● **Work item**
Given the records underneath, please repeat exactly the lines from the line with "bezpecnost v juhoafrickej republike" through the line with "Pantofi CLARKS negri, BANNING", passing over any picture.

● **Records to use**

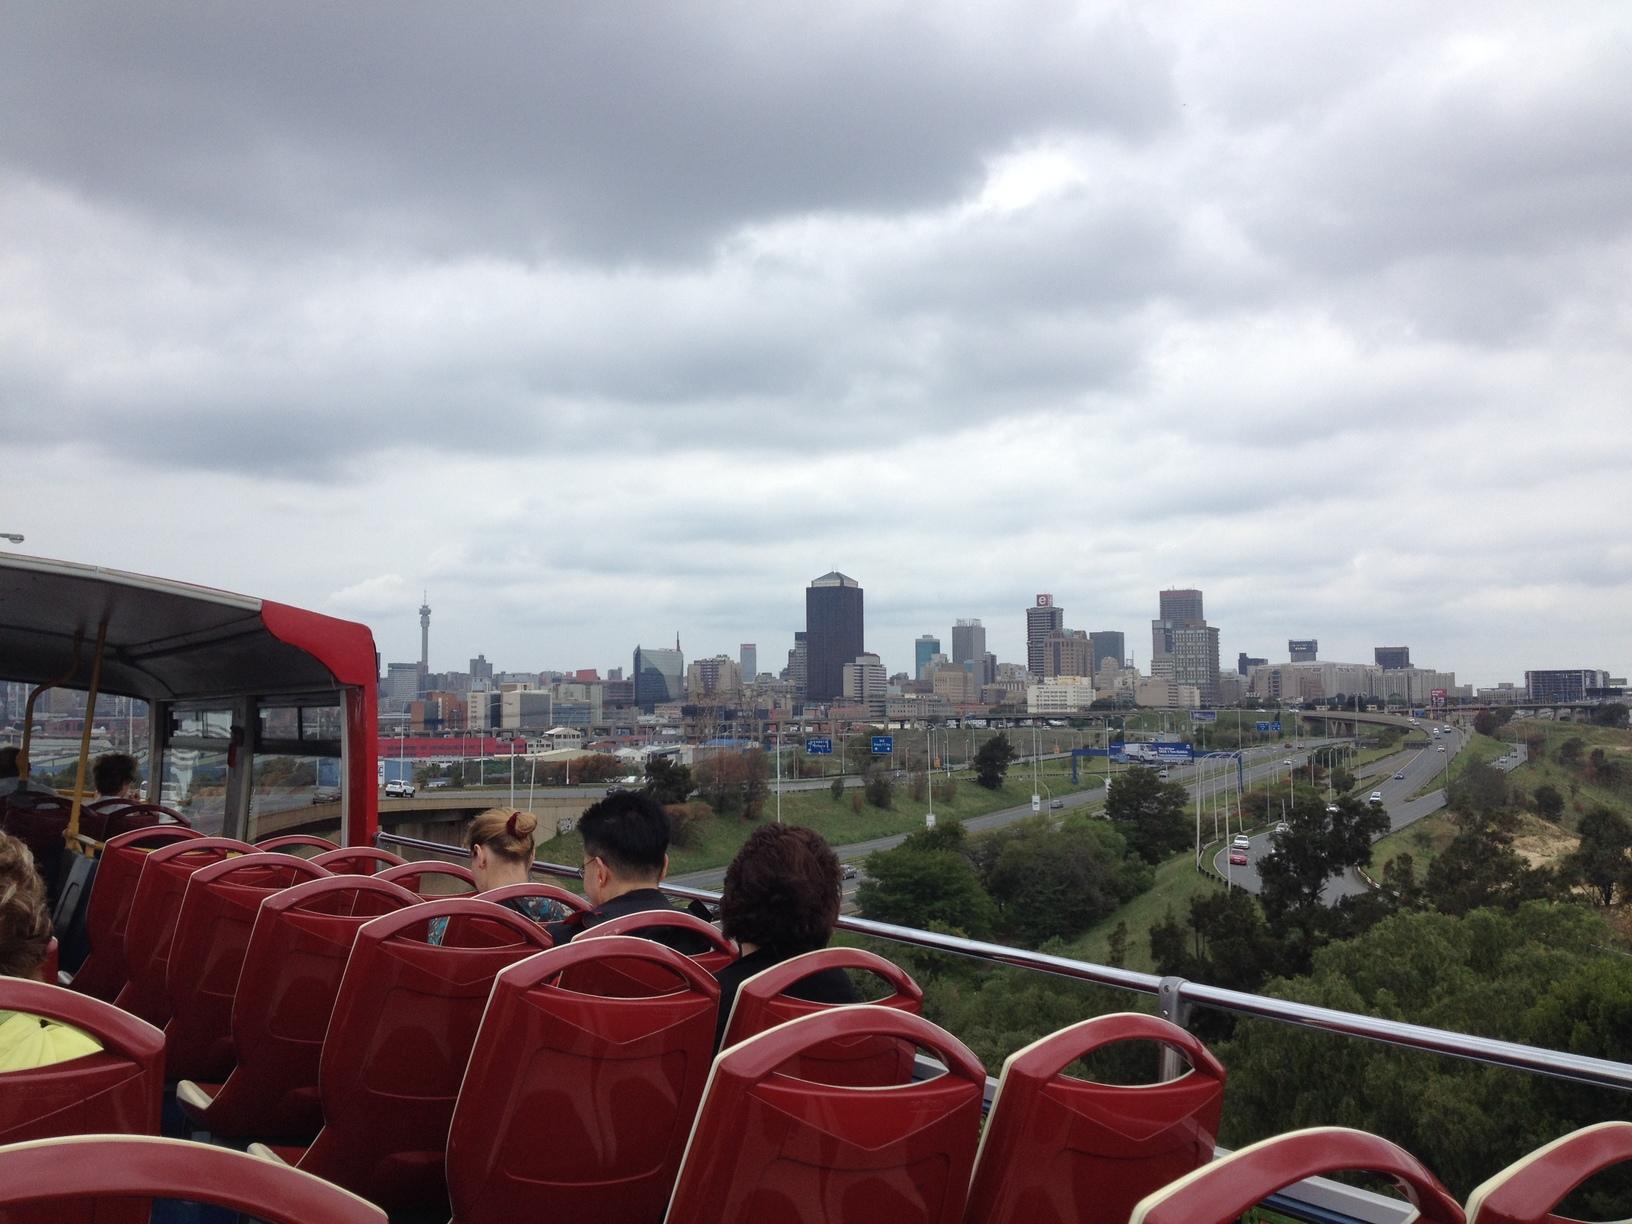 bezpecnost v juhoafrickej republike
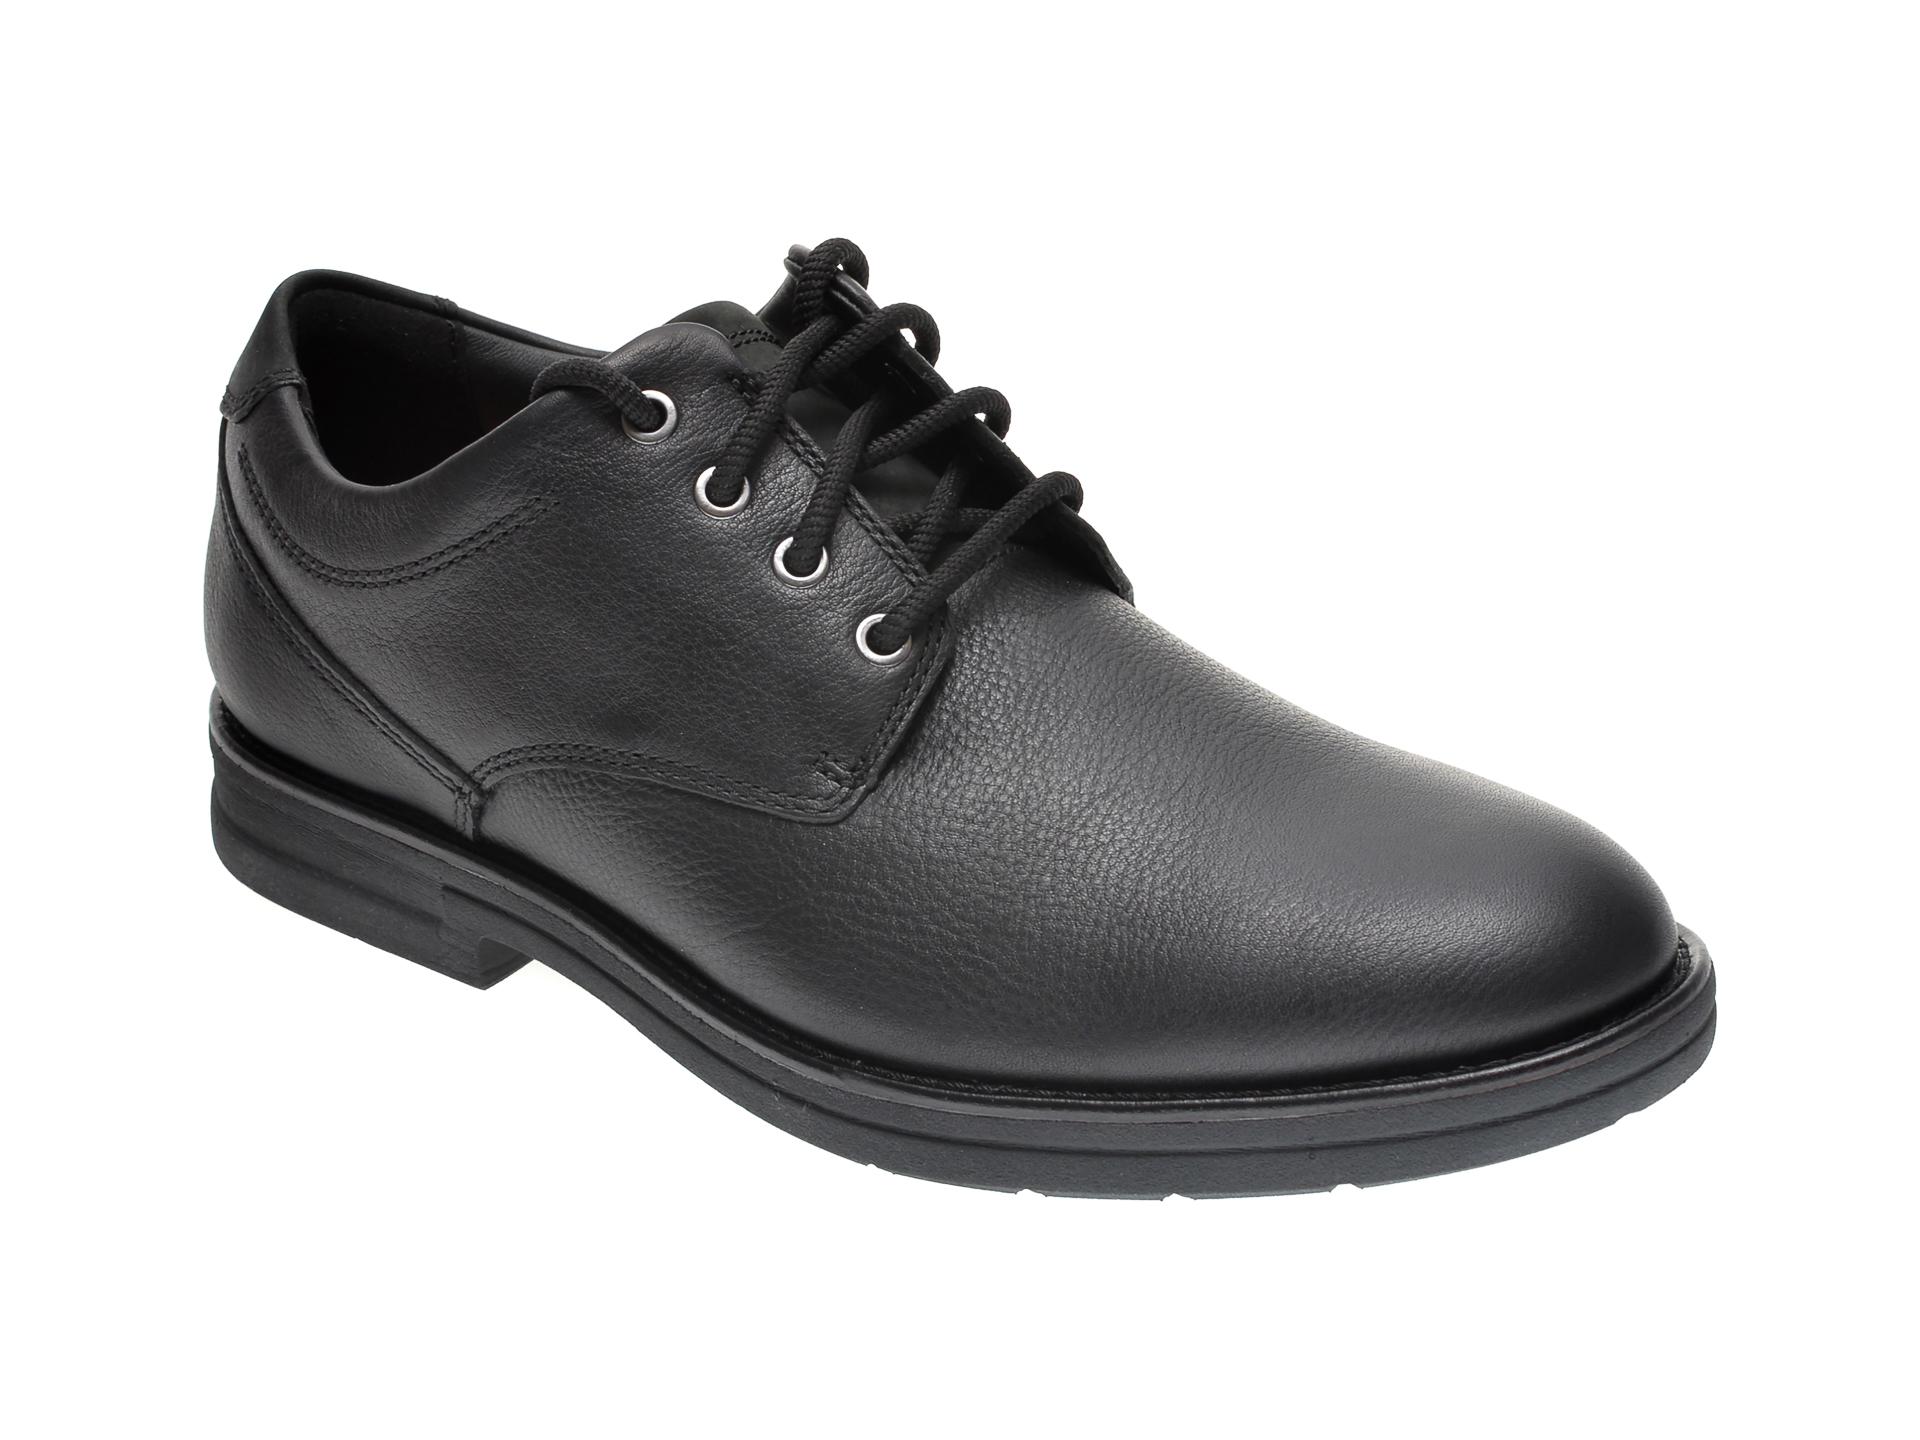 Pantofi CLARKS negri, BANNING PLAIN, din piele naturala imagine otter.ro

---

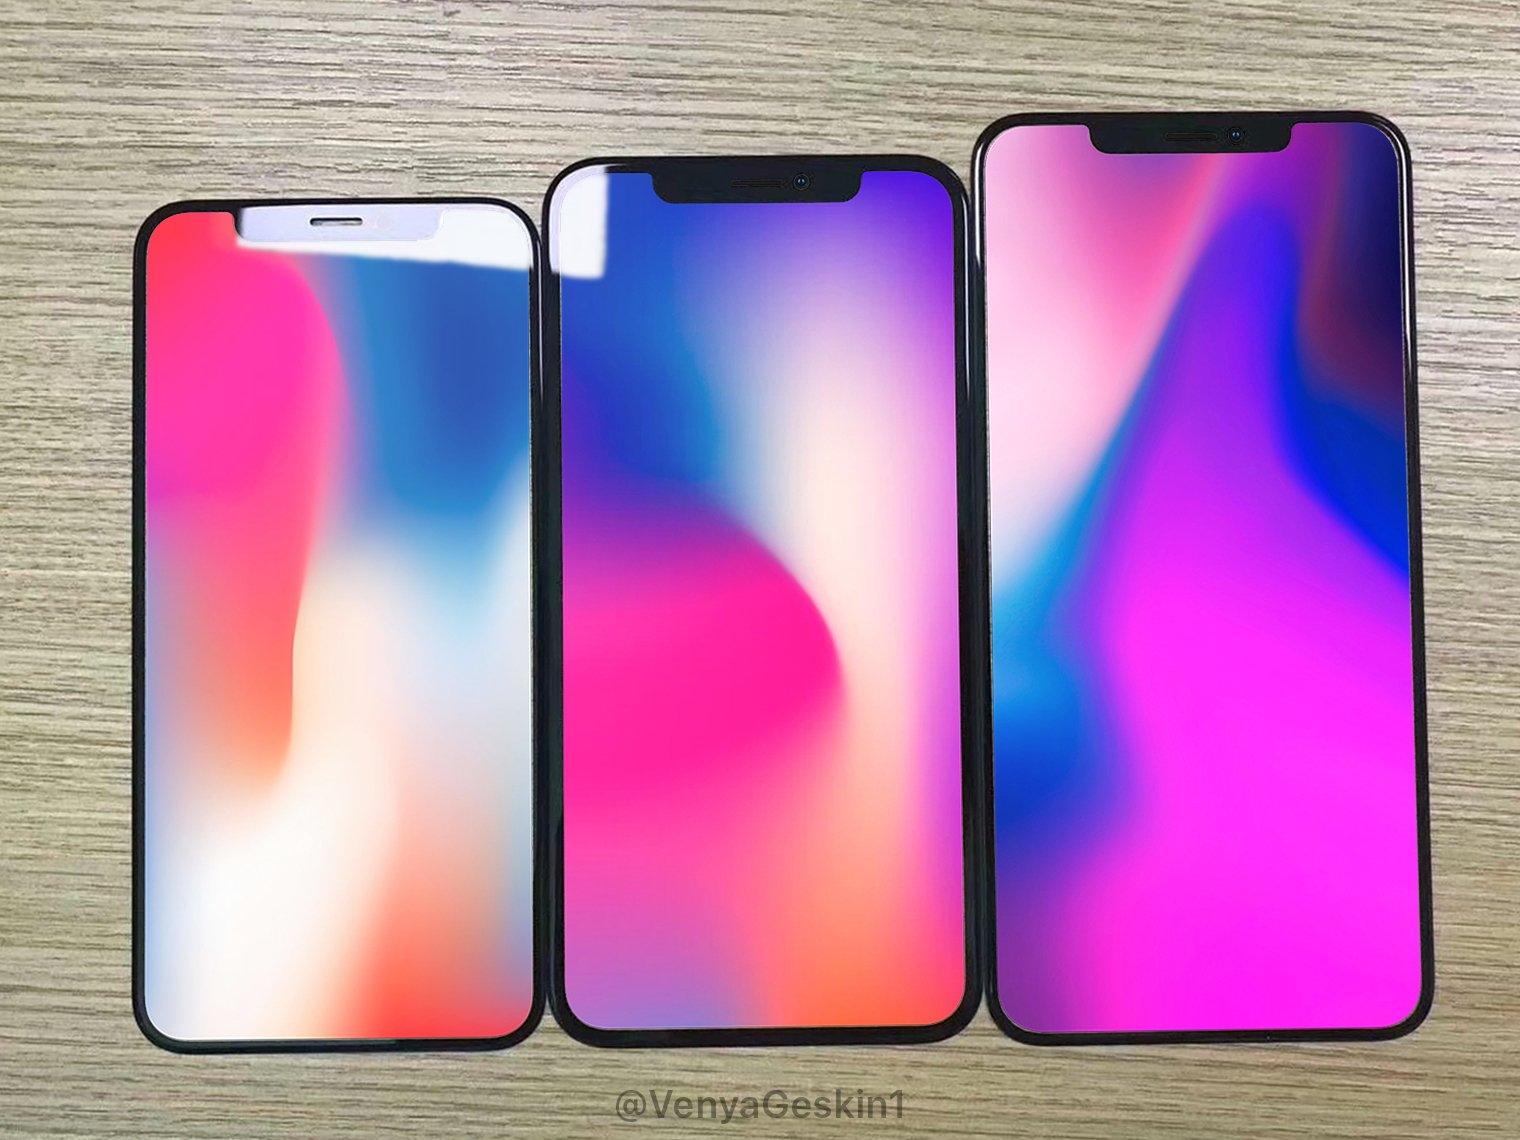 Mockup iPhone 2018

● **Completed task**
 bezpecnost v juhoafrickej republike
 Pantofi CLARKS negri, BANNING PLAIN, din piele naturala imagine otter.ro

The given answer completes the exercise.